Table 8 Comparative analysis based on Laska and Blankenbach’s method.

Laska and Blankenbach’s method demonstrates superior performance in indoor positioning with a Mean Absolute Error (MAE) of 1.10 and a Root Mean Squared Error (RMSE) of 1.70, significantly lower than traditional methods. It achieves an impressive accuracy of 98.5% and an F1-score of 0.95, indicating high reliability and precision.
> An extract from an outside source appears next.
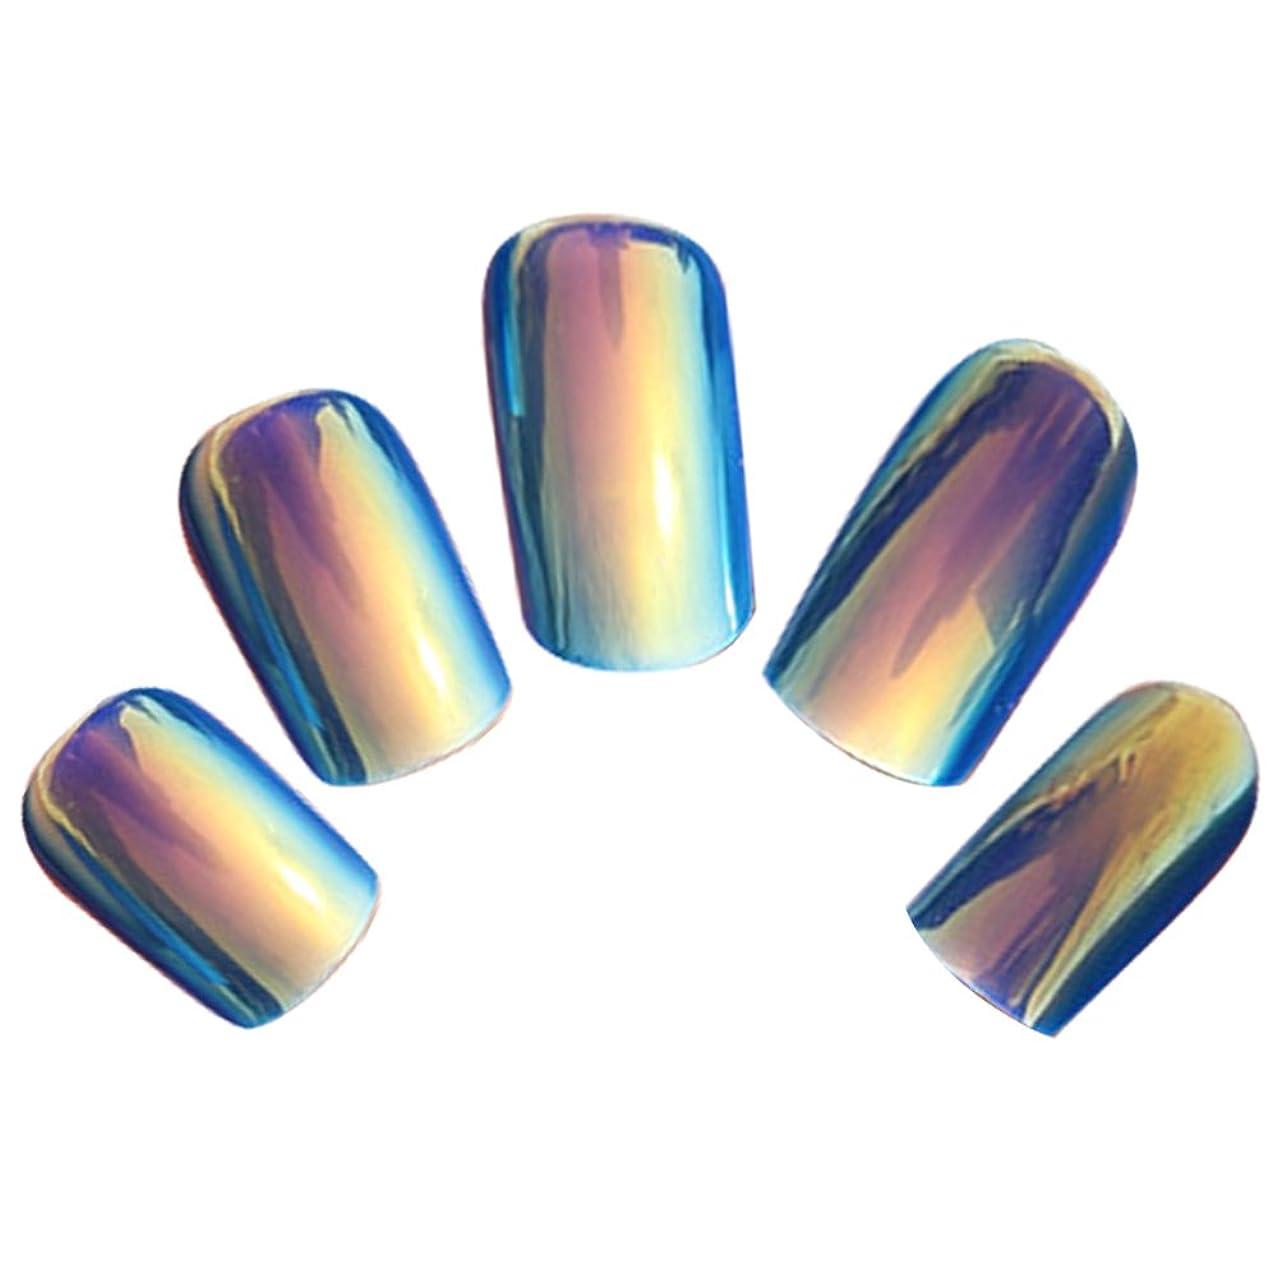 周り等信頼性ゴシレ Gosear 24 個 12 サイズ ネイルチップ 人工偽爪のヒント 青色

The comparison emphasizes that the model suggested, based on ECC with Galois Field, has the minimum latency (5.2 ms) and maximum computational efficiency (92%) and is hence appropriate for real-time indoor positioning. KD-CNN with AES-256 performs moderately with 12.5 ms latency and 85% efficiency, whereas CNN with RSA-2048 exhibits much greater latency (18.3 ms) and reduced efficiency (78%) and hence is less suitable for real-time purposes. RCNN with normal ECC achieves an optimum trade-off of 9.7 ms latency and 88% efficiency, showing excellent security with acceptable performance. TCN with DES-3 has the highest latency (22.1 ms) and lowest efficiency (72%) and is not suitable for real-time implementation. The proposed approach surpasses others by guaranteeing negligible latency, maximum security, and efficiency in computation. Thus, the Comparison of Cryptographic Enhancements in Different Models for Real-Time Indoor Positioning is added in the following Table 9.
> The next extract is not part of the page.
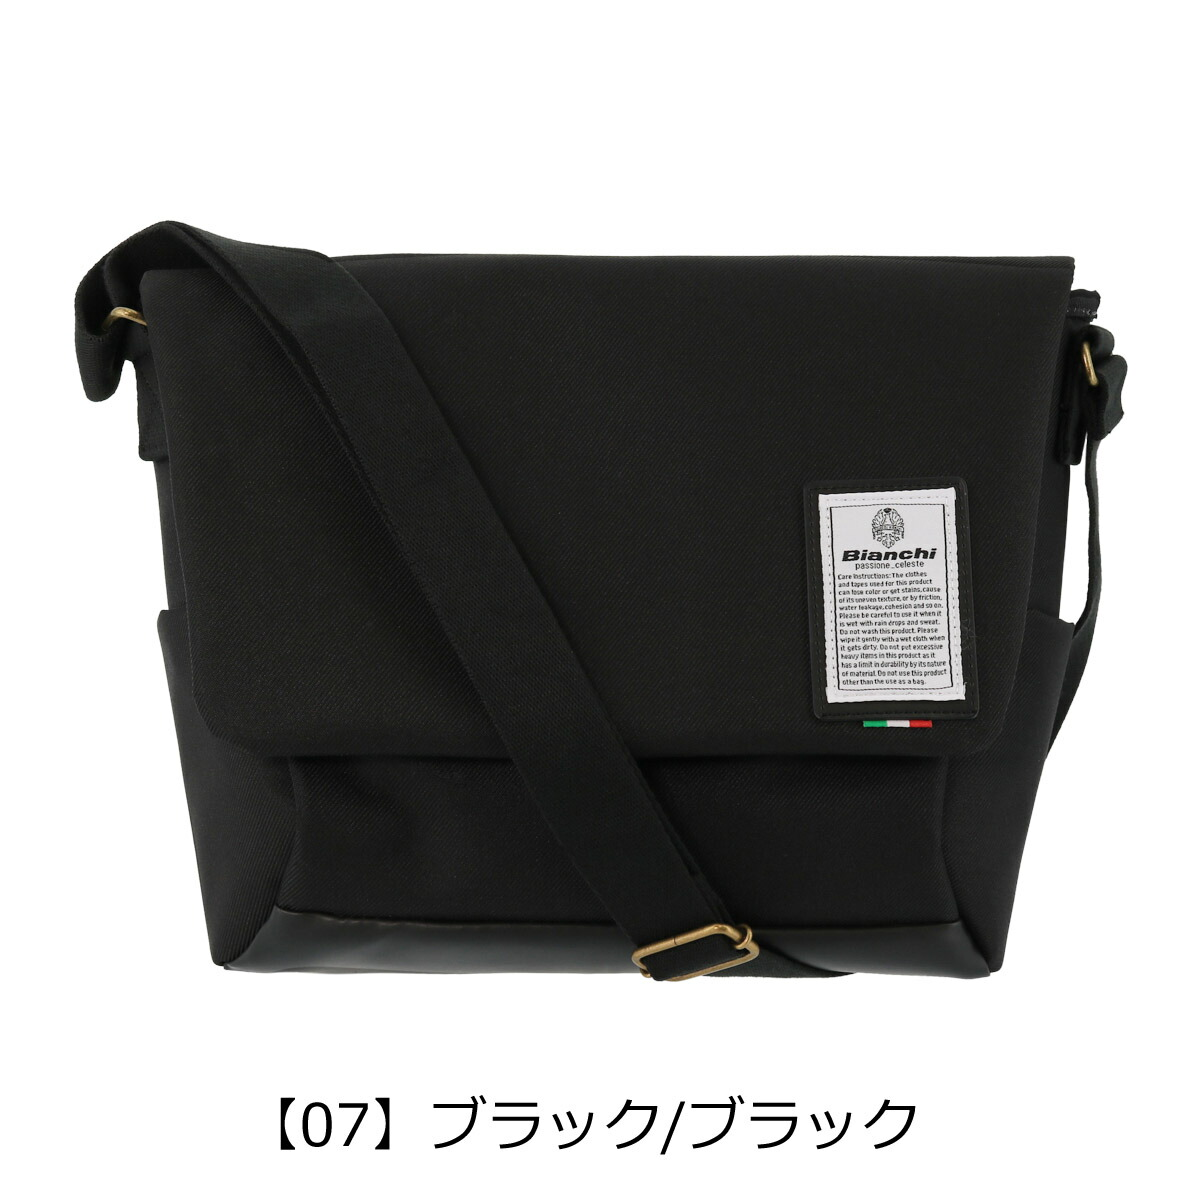 【07】ブラック/ブラック

Table 9 Comparison of cryptographic enhancements in different models for real-time indoor positioning.

Conclusions

The proposed deep spatial–temporal attention network is a new hybrid model that is a combination of CNNs, vision transformers, attention mechanisms, and LSTM networks to capture spatial–temporal patterns for better location classification. The application of hybrid optimization also improves performance in multiple indoor environments. One of the major contributions of the work is the incorporation of the Galois Field-based Elliptic Curve Cryptography (ECC) with an S-box for data security during positioning. But the outcomes also demonstrated that system performance depends on the similarity between the training data and the test data, which means that more attention should be paid to data collection in the future. Experimental results on the WiFi RSS Fingerprint Localization Dataset show robust performance. When 70% of data was used the model had an accuracy of 0.9937, precision of 0.987, sensitivity of 0.9898, and specificity of 0.9878, while when 80% of data were used it had an accuracy of 0.9804, precision of 0.9722, sensitivity of 0.9859, and specificity of 0.9756. These outcomes prove that the proposed system is stable and flexible enough to be used in indoor positioning applications.